Exercise details - If a line contains "Tuschestift Pitt Artist", it is the last one to write out; begin with the first line of the records and copy each exactly.

Saved entries -
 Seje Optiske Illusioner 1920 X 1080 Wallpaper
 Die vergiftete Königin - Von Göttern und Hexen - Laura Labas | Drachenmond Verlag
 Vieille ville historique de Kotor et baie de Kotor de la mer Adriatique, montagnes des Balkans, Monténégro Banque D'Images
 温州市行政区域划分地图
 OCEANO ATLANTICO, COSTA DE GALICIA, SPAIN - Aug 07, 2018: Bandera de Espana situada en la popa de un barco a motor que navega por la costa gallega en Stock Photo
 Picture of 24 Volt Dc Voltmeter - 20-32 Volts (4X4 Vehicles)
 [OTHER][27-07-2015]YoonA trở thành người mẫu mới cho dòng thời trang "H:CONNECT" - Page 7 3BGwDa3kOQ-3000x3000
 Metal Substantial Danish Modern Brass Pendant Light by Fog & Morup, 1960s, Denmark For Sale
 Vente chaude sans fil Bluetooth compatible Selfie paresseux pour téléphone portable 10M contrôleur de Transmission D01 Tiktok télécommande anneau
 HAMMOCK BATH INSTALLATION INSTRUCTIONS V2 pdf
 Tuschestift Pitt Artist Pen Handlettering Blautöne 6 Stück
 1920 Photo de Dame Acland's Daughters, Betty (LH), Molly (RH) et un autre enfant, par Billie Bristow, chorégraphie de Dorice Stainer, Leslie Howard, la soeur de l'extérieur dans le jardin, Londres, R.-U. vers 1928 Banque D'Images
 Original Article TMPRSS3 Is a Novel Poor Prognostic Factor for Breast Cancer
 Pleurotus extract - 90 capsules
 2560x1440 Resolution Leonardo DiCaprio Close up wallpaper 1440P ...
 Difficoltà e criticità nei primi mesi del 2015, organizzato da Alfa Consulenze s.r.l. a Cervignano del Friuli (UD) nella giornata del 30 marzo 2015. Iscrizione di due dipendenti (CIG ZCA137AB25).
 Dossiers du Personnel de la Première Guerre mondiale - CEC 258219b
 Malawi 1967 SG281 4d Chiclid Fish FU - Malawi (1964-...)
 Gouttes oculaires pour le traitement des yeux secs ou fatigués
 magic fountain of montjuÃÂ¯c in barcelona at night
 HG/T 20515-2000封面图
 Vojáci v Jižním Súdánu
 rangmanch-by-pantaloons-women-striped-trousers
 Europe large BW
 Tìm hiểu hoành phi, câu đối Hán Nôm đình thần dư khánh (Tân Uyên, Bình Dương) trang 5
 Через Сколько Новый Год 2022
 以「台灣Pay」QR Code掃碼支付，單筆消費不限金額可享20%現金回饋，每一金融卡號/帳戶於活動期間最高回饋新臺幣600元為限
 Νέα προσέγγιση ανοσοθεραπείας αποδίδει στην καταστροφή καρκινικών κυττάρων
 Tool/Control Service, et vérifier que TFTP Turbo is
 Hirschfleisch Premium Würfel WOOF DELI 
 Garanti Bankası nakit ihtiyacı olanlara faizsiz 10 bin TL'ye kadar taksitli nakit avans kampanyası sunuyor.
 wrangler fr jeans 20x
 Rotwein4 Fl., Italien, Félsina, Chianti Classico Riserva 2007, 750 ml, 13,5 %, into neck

Completed task -
 Seje Optiske Illusioner 1920 X 1080 Wallpaper
 Die vergiftete Königin - Von Göttern und Hexen - Laura Labas | Drachenmond Verlag
 Vieille ville historique de Kotor et baie de Kotor de la mer Adriatique, montagnes des Balkans, Monténégro Banque D'Images
 温州市行政区域划分地图
 OCEANO ATLANTICO, COSTA DE GALICIA, SPAIN - Aug 07, 2018: Bandera de Espana situada en la popa de un barco a motor que navega por la costa gallega en Stock Photo
 Picture of 24 Volt Dc Voltmeter - 20-32 Volts (4X4 Vehicles)
 [OTHER][27-07-2015]YoonA trở thành người mẫu mới cho dòng thời trang "H:CONNECT" - Page 7 3BGwDa3kOQ-3000x3000
 Metal Substantial Danish Modern Brass Pendant Light by Fog & Morup, 1960s, Denmark For Sale
 Vente chaude sans fil Bluetooth compatible Selfie paresseux pour téléphone portable 10M contrôleur de Transmission D01 Tiktok télécommande anneau
 HAMMOCK BATH INSTALLATION INSTRUCTIONS V2 pdf
 Tuschestift Pitt Artist Pen Handlettering Blautöne 6 Stück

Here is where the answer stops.